After enjoying 36 days of a new-year vegan diet and surviving an embarrassing incident in which I nearly burned my apartment down baking spelt biscuits – I knew it was time to eat some meat.
There are many great reasons to go to Denver but for the sake of clarity only one reason matters: Euclid Hall.
These were really sweet, bringing new definition to the term ‘meat candy’. When the menu writer calls this “bruléed” they are not joking around. The sherry gastrique was an excellent sauce choice for this dish, working to cut the sweetness with a solid acidic finish. I did not bone luge, an oversight I will likely never recover from.
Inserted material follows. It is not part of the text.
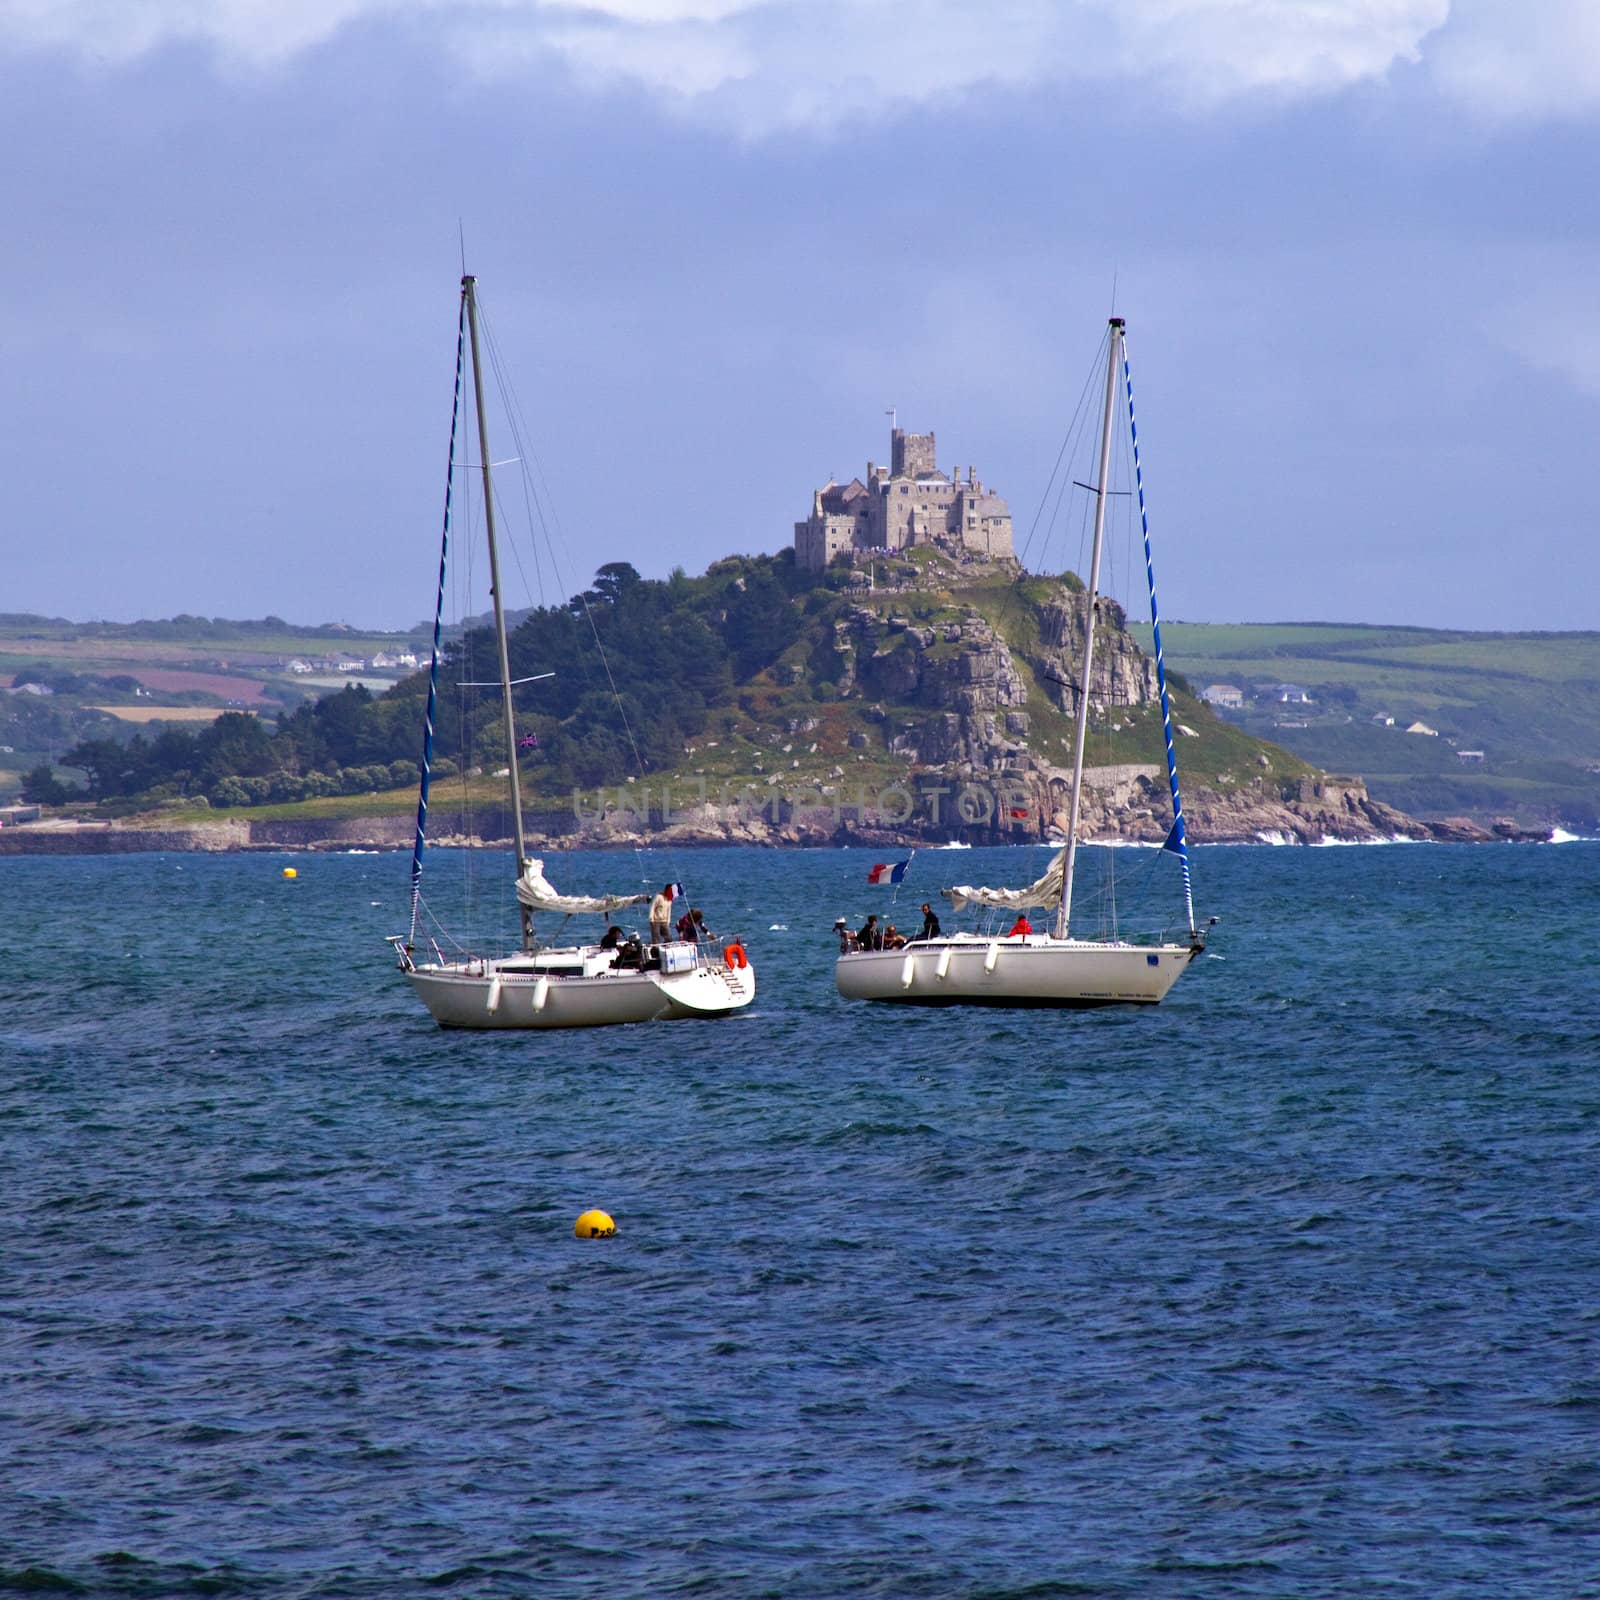 A view of the magnificent St. Michael's Mount in Cornwall.
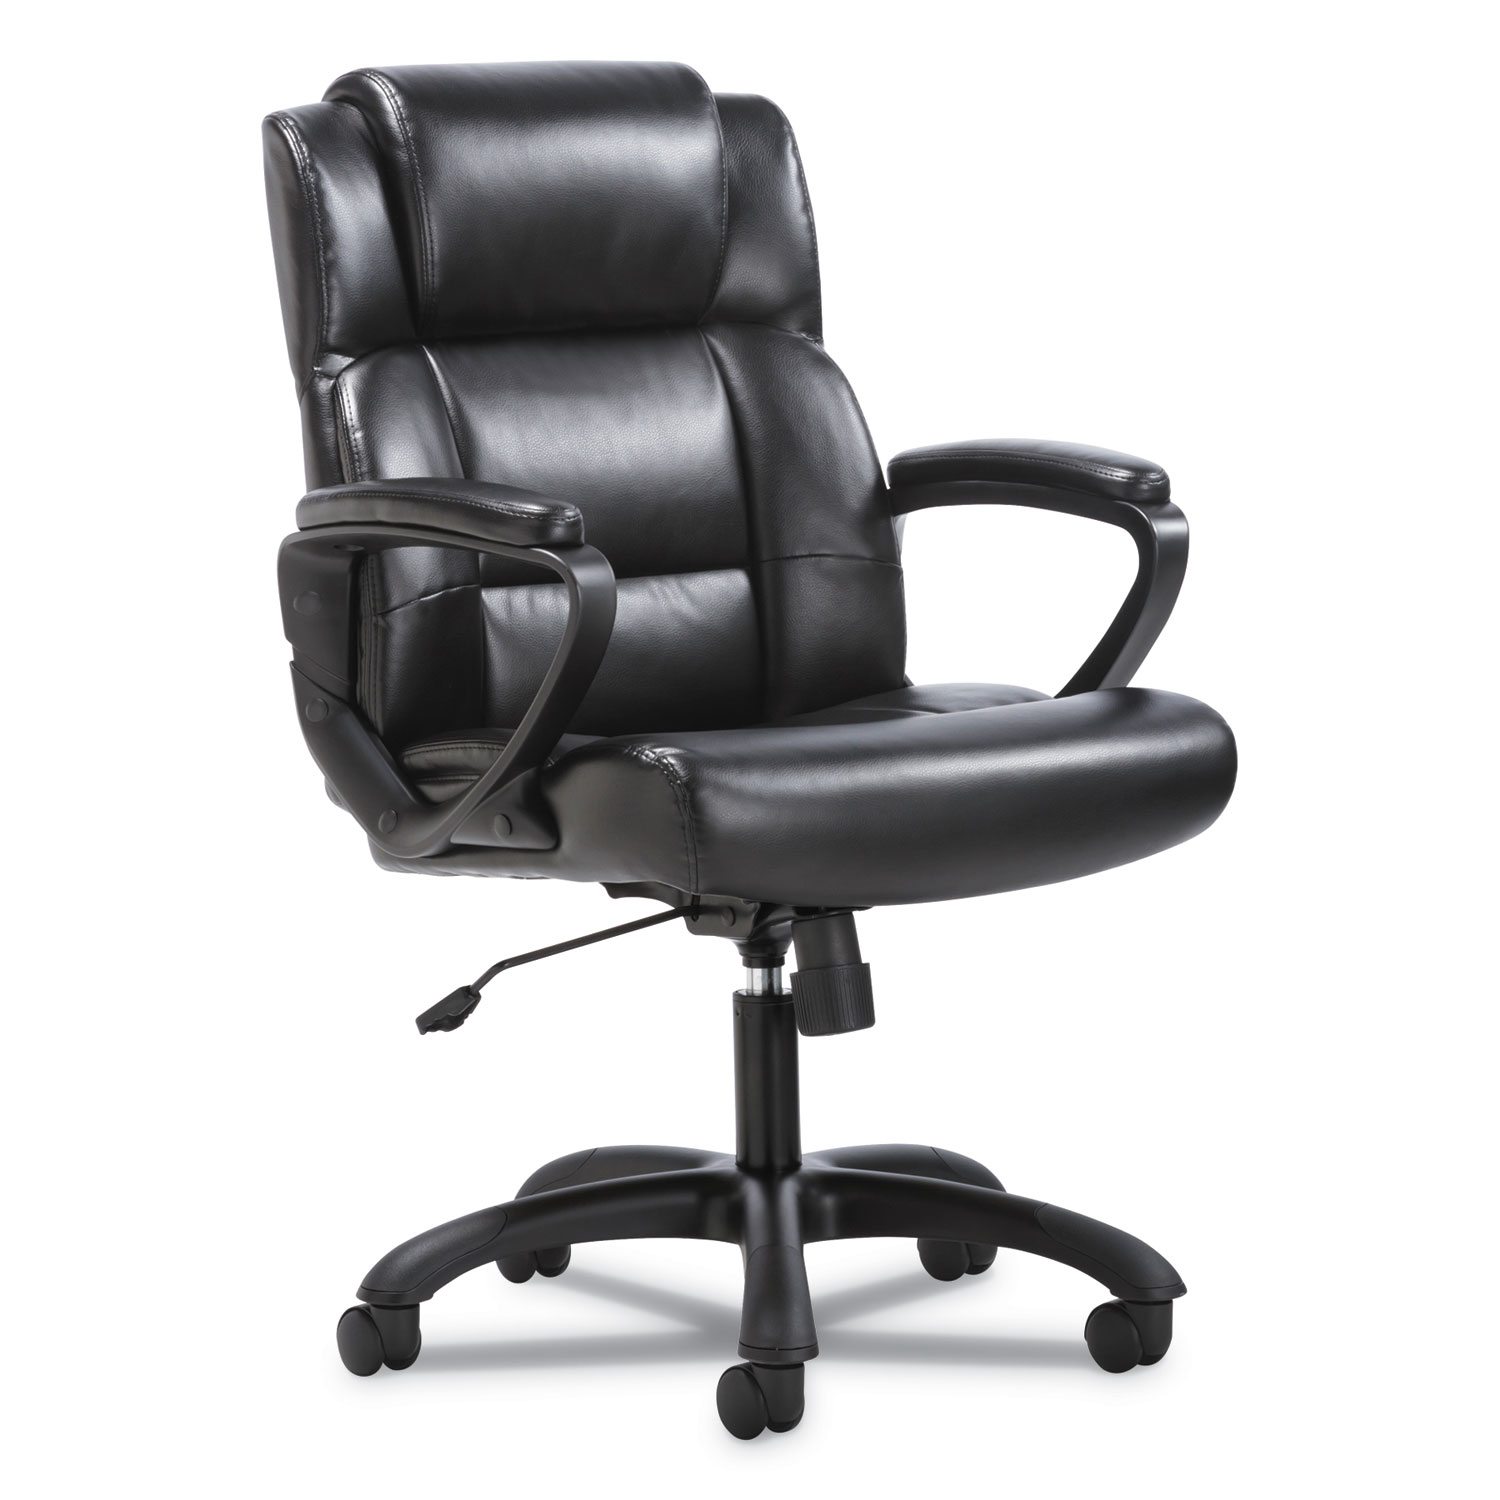 Mid-Back Executive Chair, Supports up to 250 lbs., Black Seat/Black Back, Black Base

This was an especially great beer, notes of dark chocolate and raisins. I bet you it smells like attractive Russian men and victory.
I am not the best about telling people to ‘DON’T TOUCH THAT’ until I can take a picture of an initial plating. Oddly, this was once my specialty and I would bark at anyone who tried to dig in before I could take a picture, turns out that’s not an attractive personality trait, but you know what? That’s also not an attractive picture, and the dish was incredibly delicious, well plated, and probably the best thing I ate at Euclid Hall. I think this dish also deserves credit for making a plate of pig ears an enticing menu item by pairing them with Pad Thai familiarized ingredients: tamarind, sprouts, mint, peanuts. Well played.
This is duck poutine, squared. The dish starts with fried potatoes, duck gravy, black pepper, and Wisconsin cheddar cheese curds. To turn this poutine into the farcical iteration you see before you they add a sunny side up duck egg and an ounce of foie gras. I can’t figure out what makes this such a rich dish?! There is an obvious element of shock value here but if you enjoy a few bites while sipping an Old Fashioned you are Doing It Right.
Pitch black blood sausage. I will admit to a deep respect and fascination for these links, I’m not sure I’ve ever had boudin noir before but I know I will be enjoying more in the future. Fascinating flavors in a dish that has a long and varied history. I recently scored a never-used Oster grinder at a thrift store and my first project is boudin noir, I will (of course) report my trials and triumphs.
There are numerous places in my neck of the woods to acquire outstanding house-crafted meat items and Euclid Hall is stiff competition to all of them. Additionally, there are many appealing aspects of enjoying this type of meal in an area of the world where the sky is so expansive and the weather so mercilessly dry and cold. A visit to this great place is a terrific reason to eat whatever you want.